**Dataset extract:**
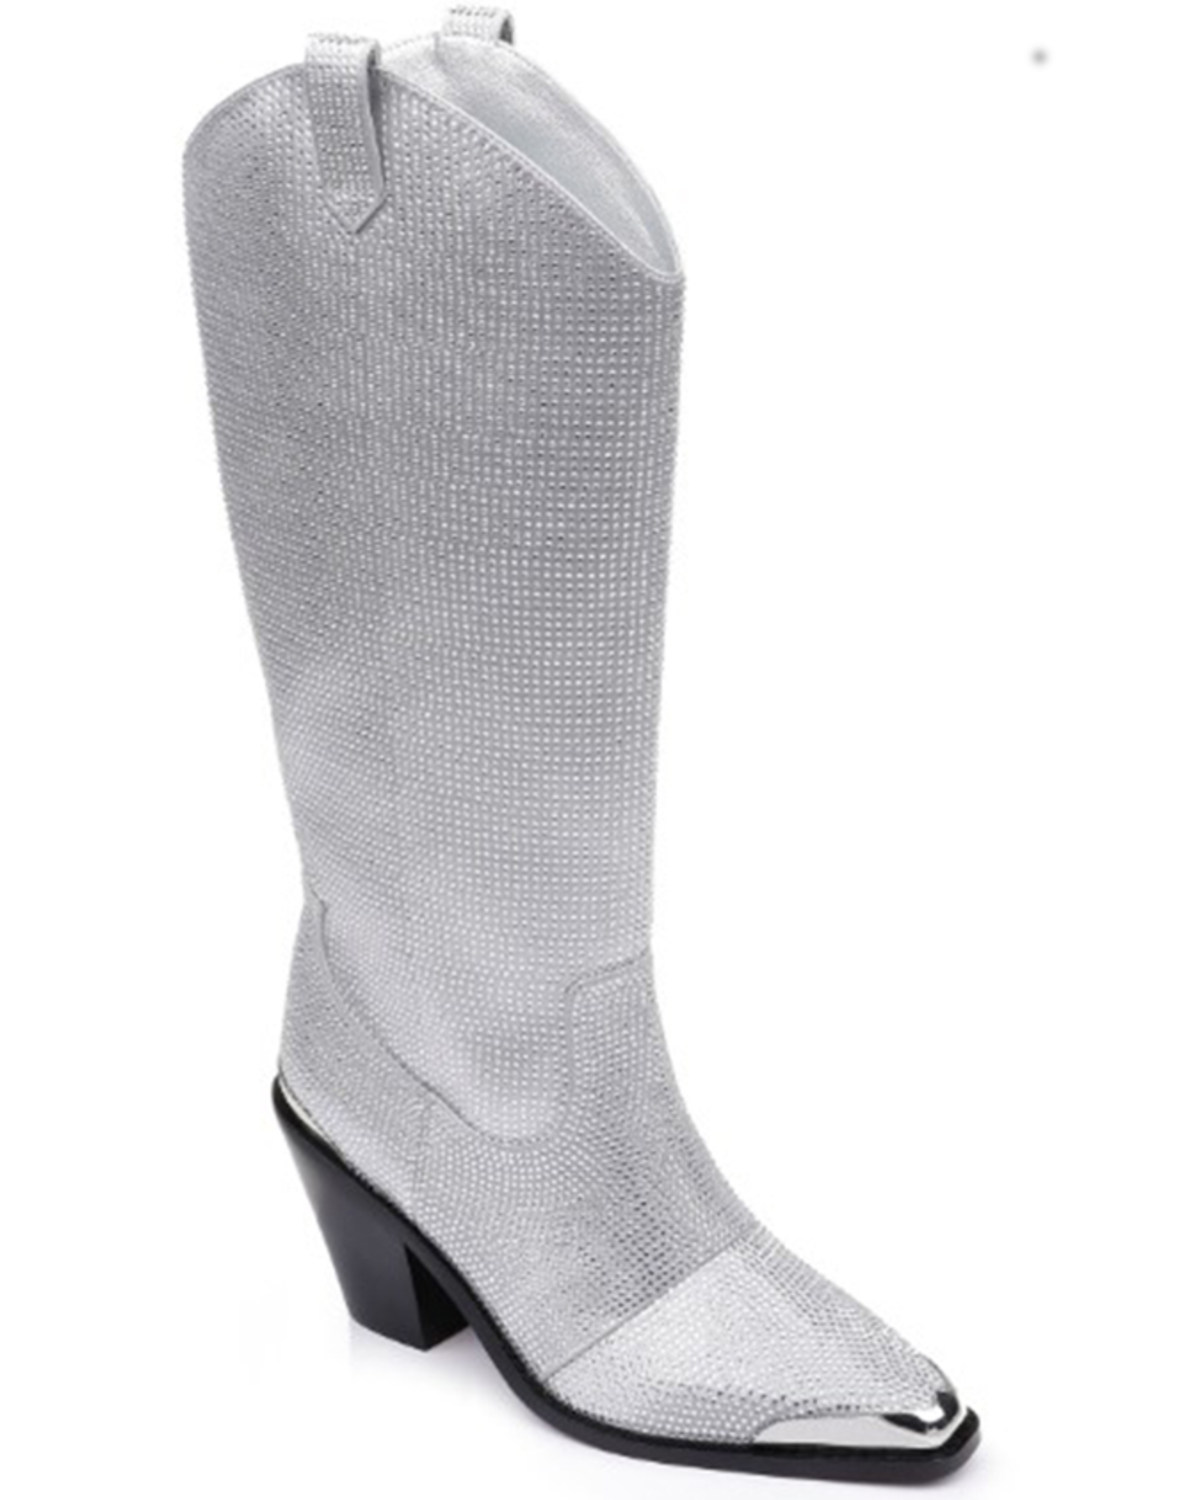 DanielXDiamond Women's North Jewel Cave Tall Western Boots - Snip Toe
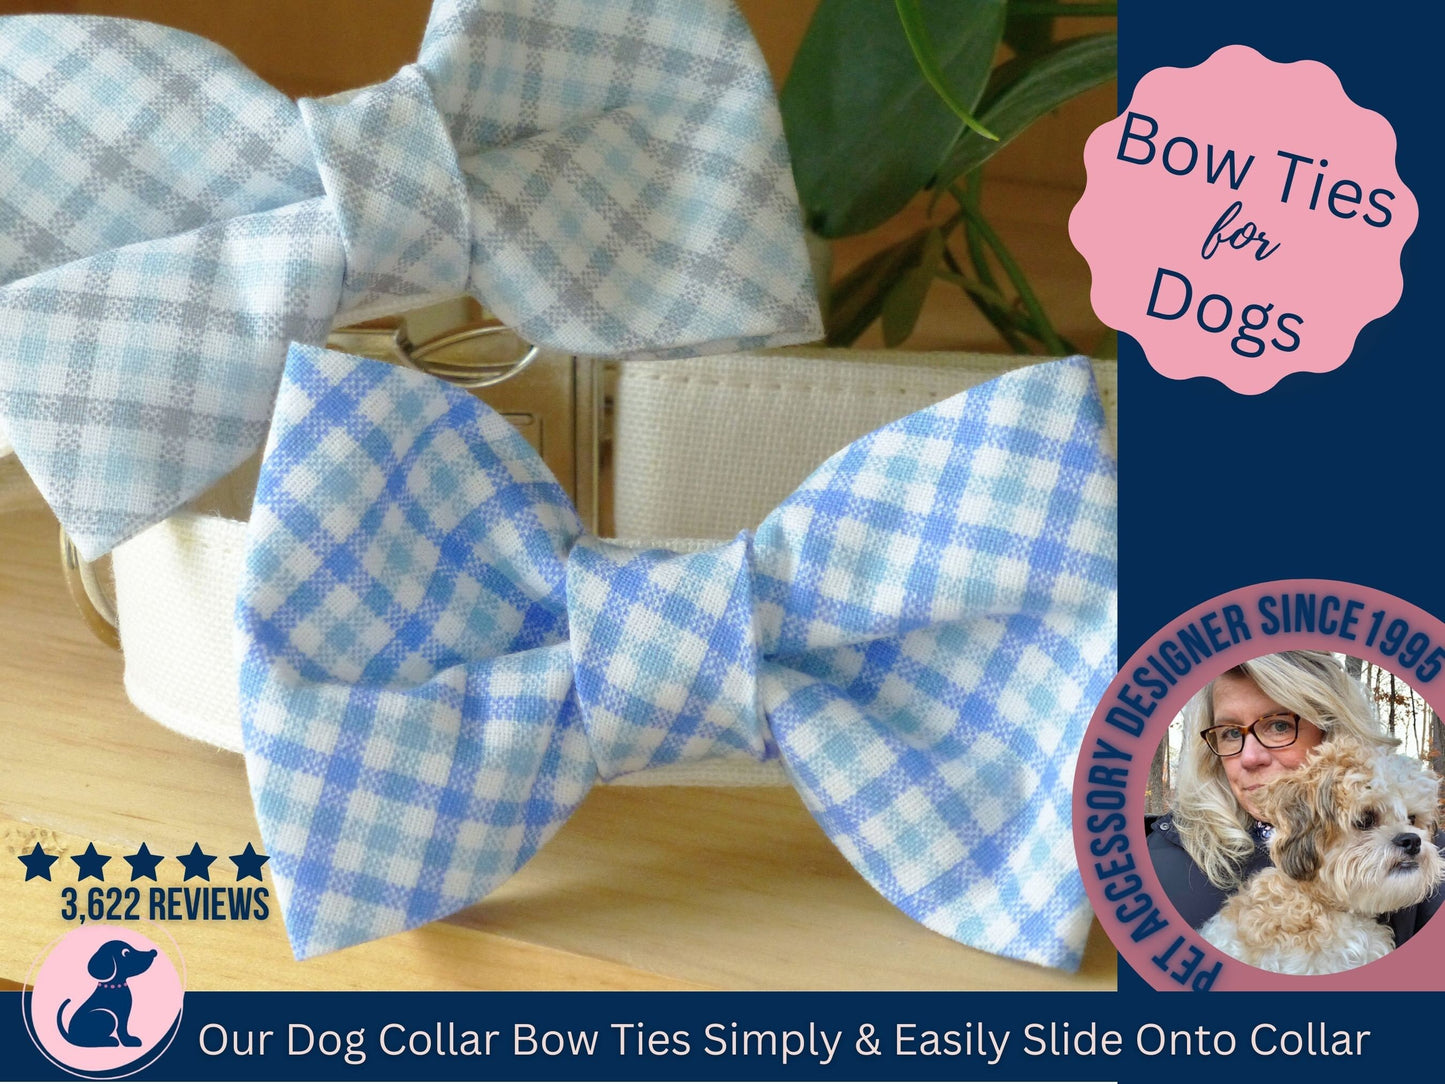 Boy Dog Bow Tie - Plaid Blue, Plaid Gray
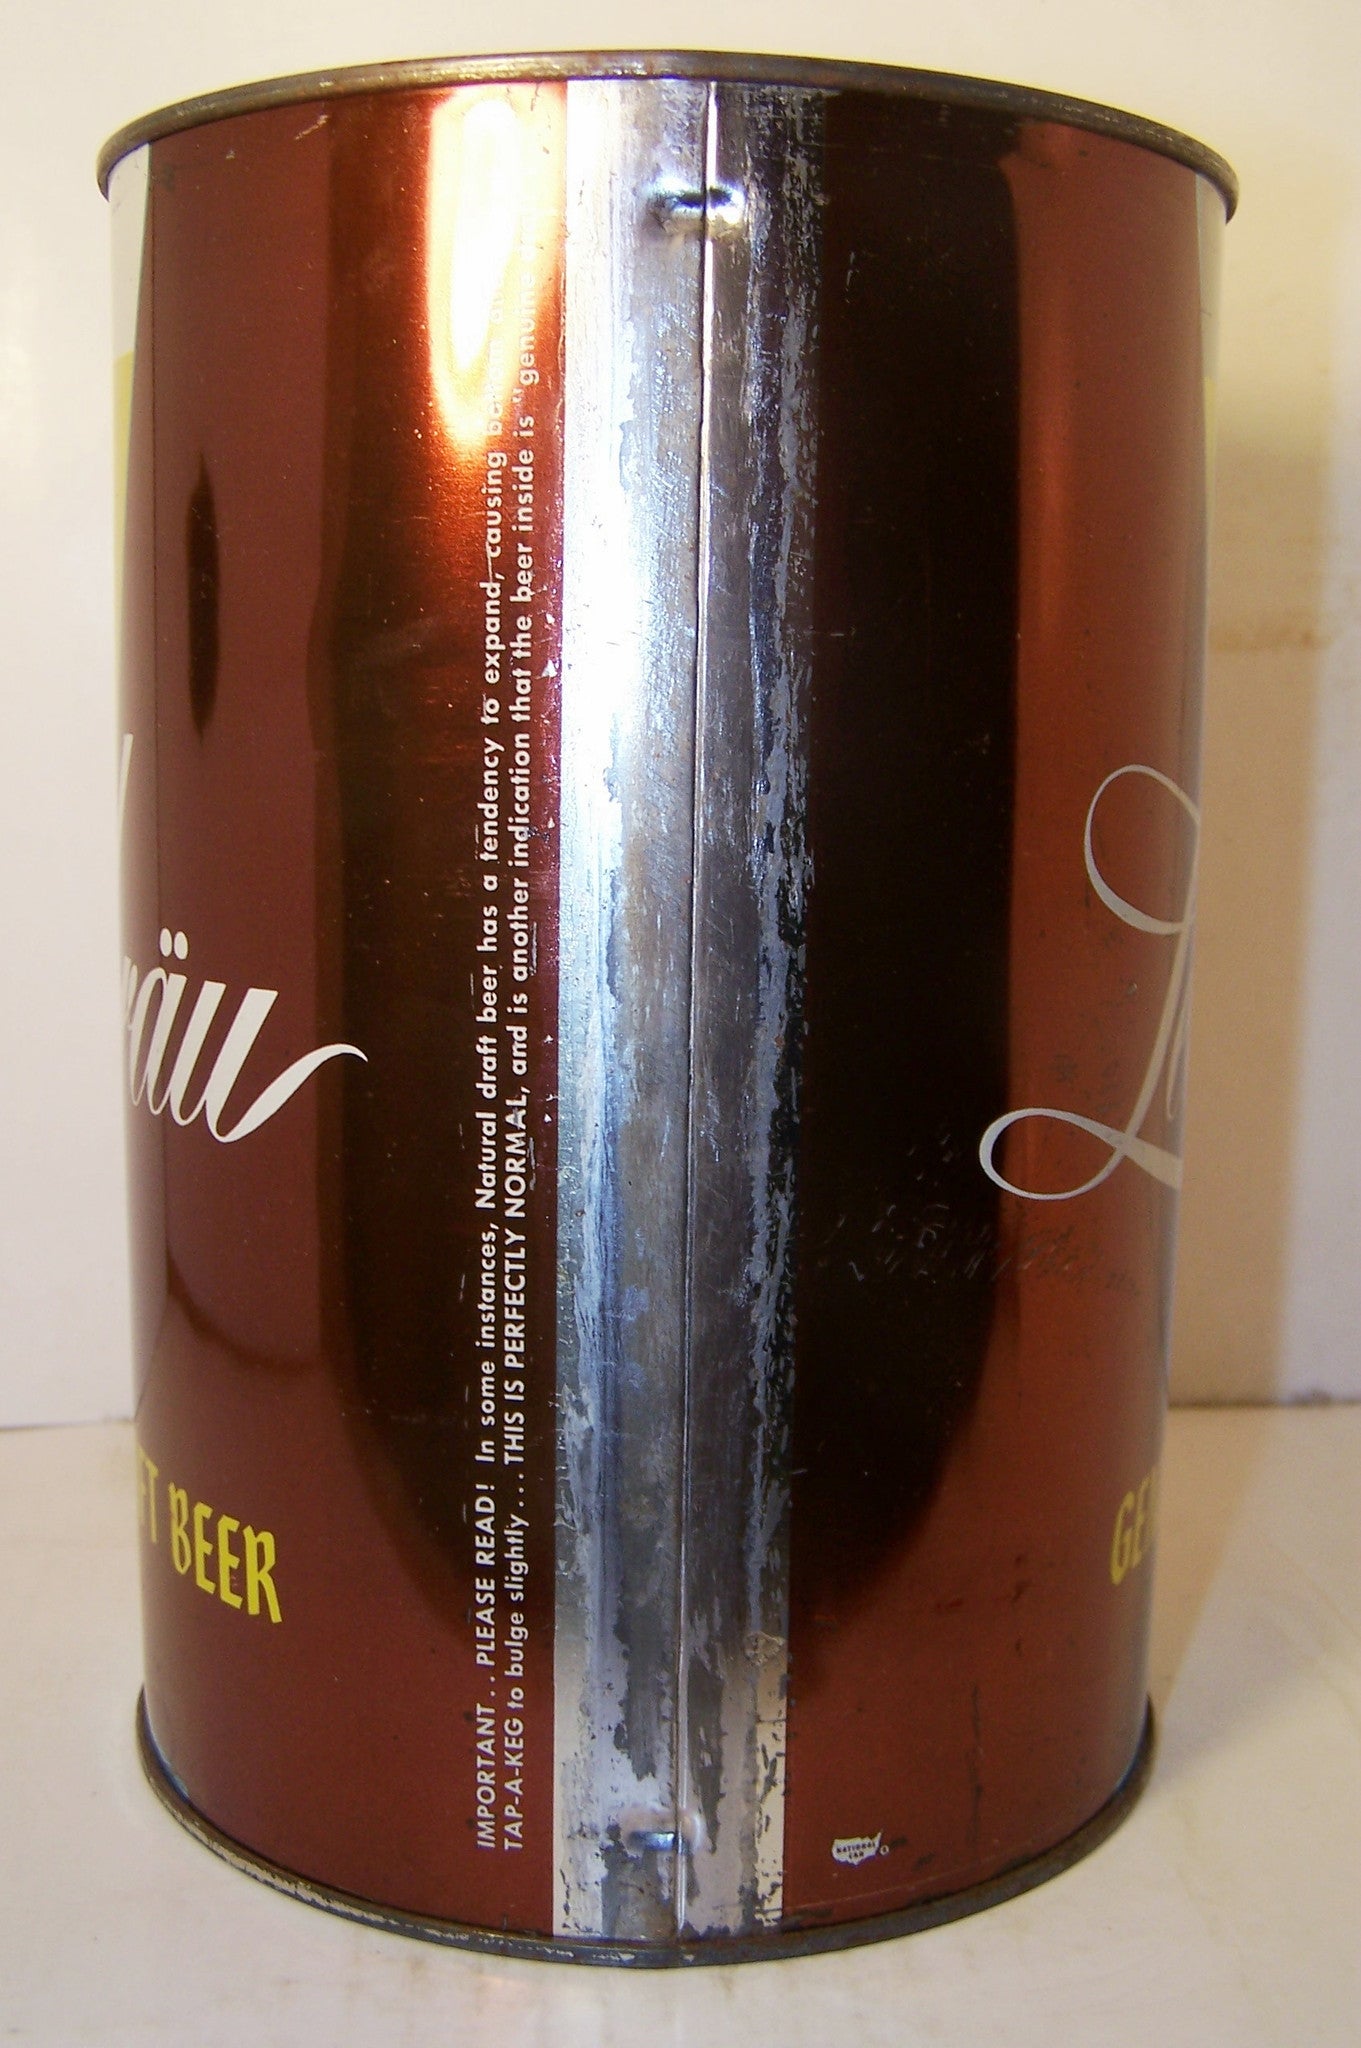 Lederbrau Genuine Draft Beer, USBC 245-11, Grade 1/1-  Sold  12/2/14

**Task to carry out:**
Pictures do not belong in the copy; repeat the rest of the listing exactly.

**Problem solution:**
 DanielXDiamond Women's North Jewel Cave Tall Western Boots - Snip Toe
 Boy Dog Bow Tie - Plaid Blue, Plaid Gray
 Lederbrau Genuine Draft Beer, USBC 245-11, Grade 1/1-  Sold  12/2/14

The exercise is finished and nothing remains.